Information
- First date: May 29, 2011
- Last date: December 31, 2011

Events
- Total events: 4

Fights
- Total fights: 47
- Title fights: 5

Chronology
| 2010 in DREAM | 2011 in DREAM | 2012 in DREAM |

= 2011 in DREAM =

Mixed martial arts events

The year 2011 was the 4th year in the history of DREAM, a mixed martial arts promotion based in Japan.
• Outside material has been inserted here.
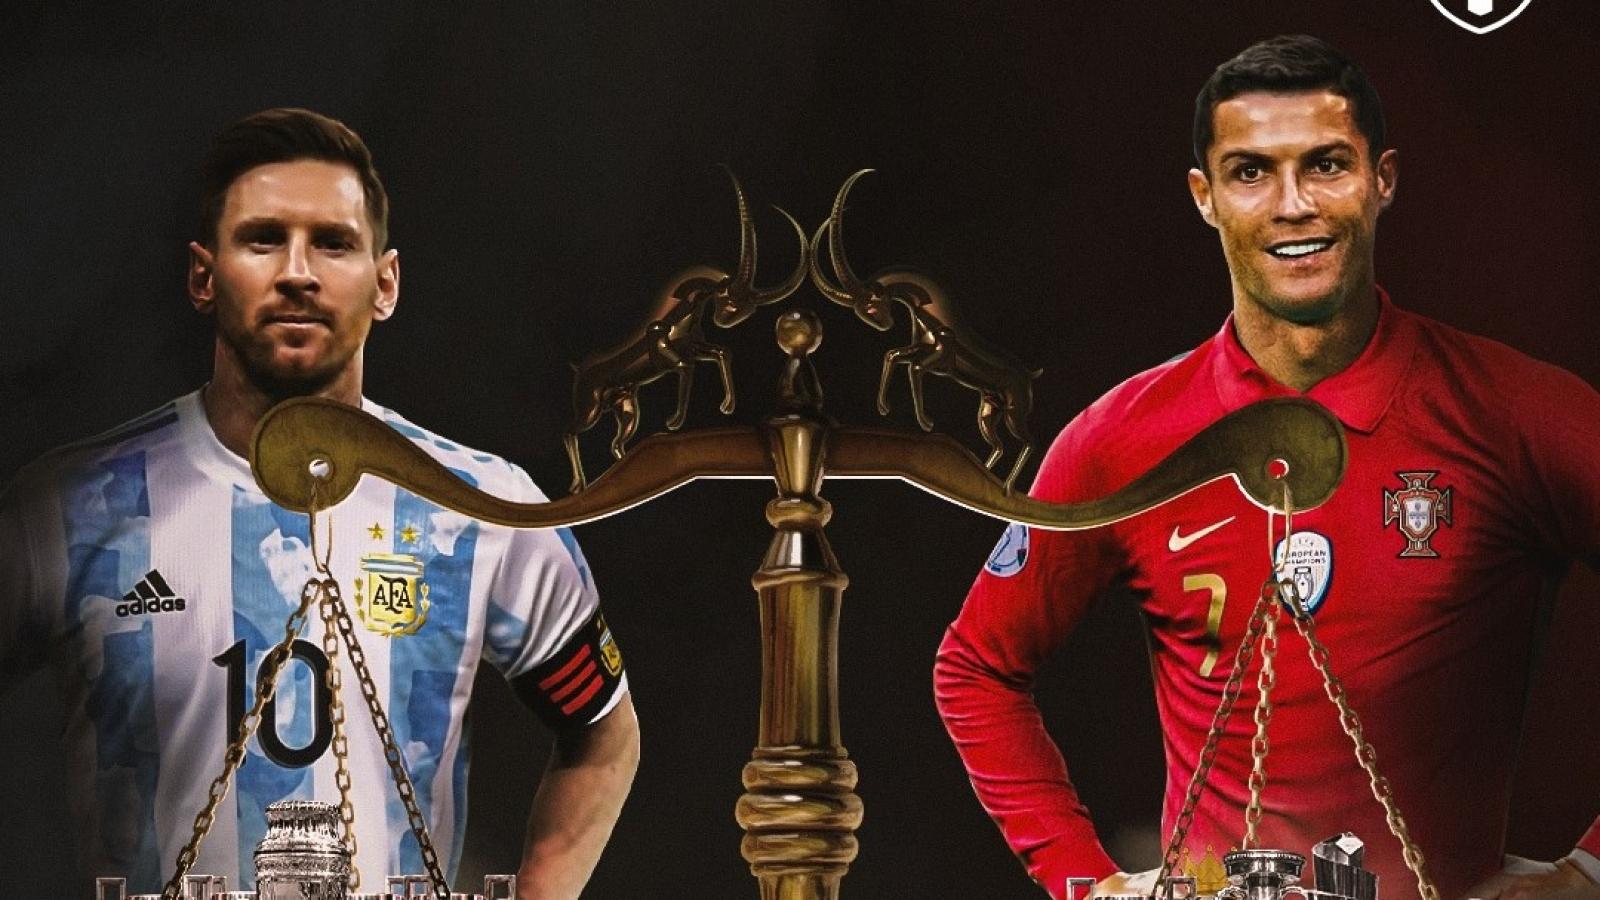 """Biếm họa 24h: Messi có sự cân bằng """"toàn diện"""" với Ronaldo khi vô địch Copa America 2021"""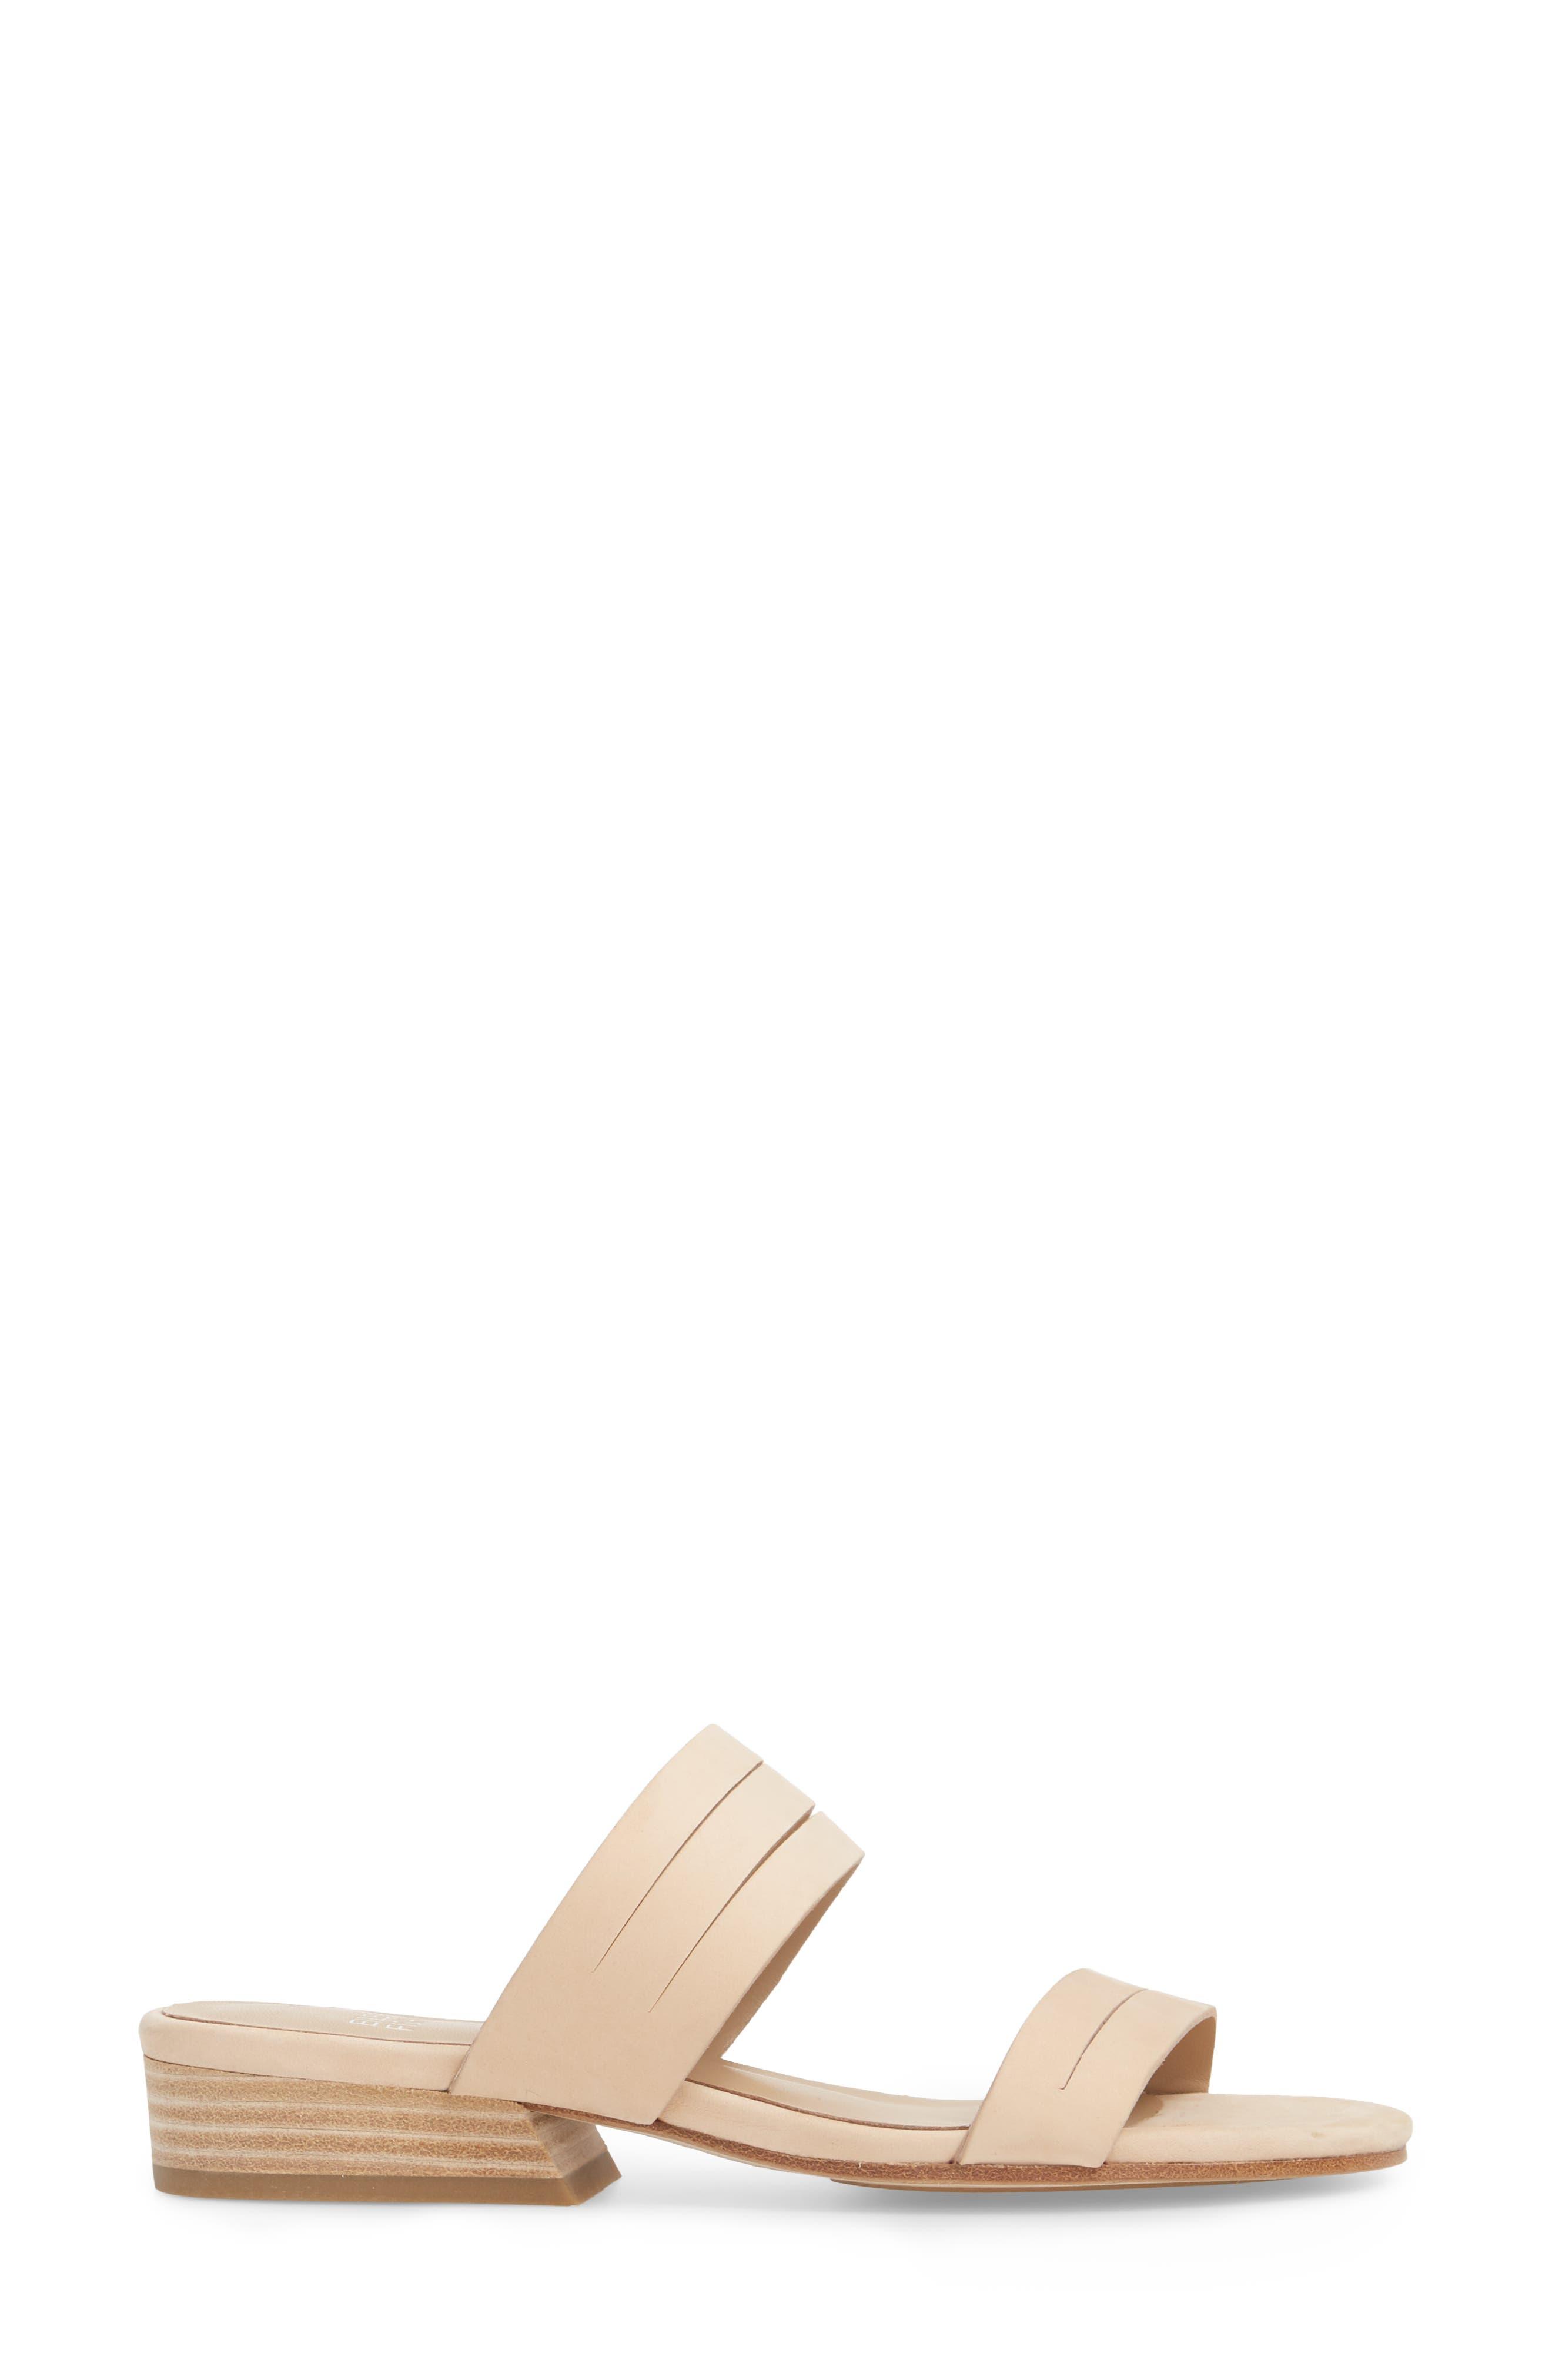 Finch Slide Sandal,                             Alternate thumbnail 3, color,                             Cream Nubuck

In 2011 DREAM held 4 events beginning with, Dream: Fight for Japan!.

==Events list==

| # | Event title | Date | Arena | Location | Attendees | Broadcast |
|---|---|---|---|---|---|---|
| 23 | Fight For Japan: Genki Desu Ka Omisoko 2011 | December 31, 2011 | Saitama Super Arena | Saitama, Saitama, Japan | 24,606 | Tokyo Broadcasting System; HDNet |
| 22 | Dream 17 | September 24, 2011 | Saitama Super Arena | Saitama, Saitama, Japan | 9,270 | HDNet |
| 21 | Dream: Japan GP Final | July 16, 2011 | Ariake Coliseum | Tokyo, Japan | 8,142 | HDNet |
| 20 | Dream: Fight for Japan! | May 29, 2011 | Saitama Super Arena | Saitama, Saitama, Japan | 6,522 | HDNet |

==Dream: Fight for Japan!==

Dream: Fight for Japan! was an event held on May 29, 2011, at the Saitama Super Arena in Saitama, Saitama, Japan.

==Dream: Japan GP Final==

Dream: Japan GP Final was an event held on July 16, 2011, at the Ariake Coliseum in Tokyo, Japan.

==Dream 17==

Dream 17 was an event held on September 24, 2011, at the Saitama Super Arena in Saitama, Saitama, Japan.

==Fight For Japan: Genki Desu Ka Omisoko 2011==

Fight For Japan: Genki Desu Ka Omisoko 2011 was an event held on December 31, 2011, at the Saitama Super Arena in Saitama, Saitama, Japan.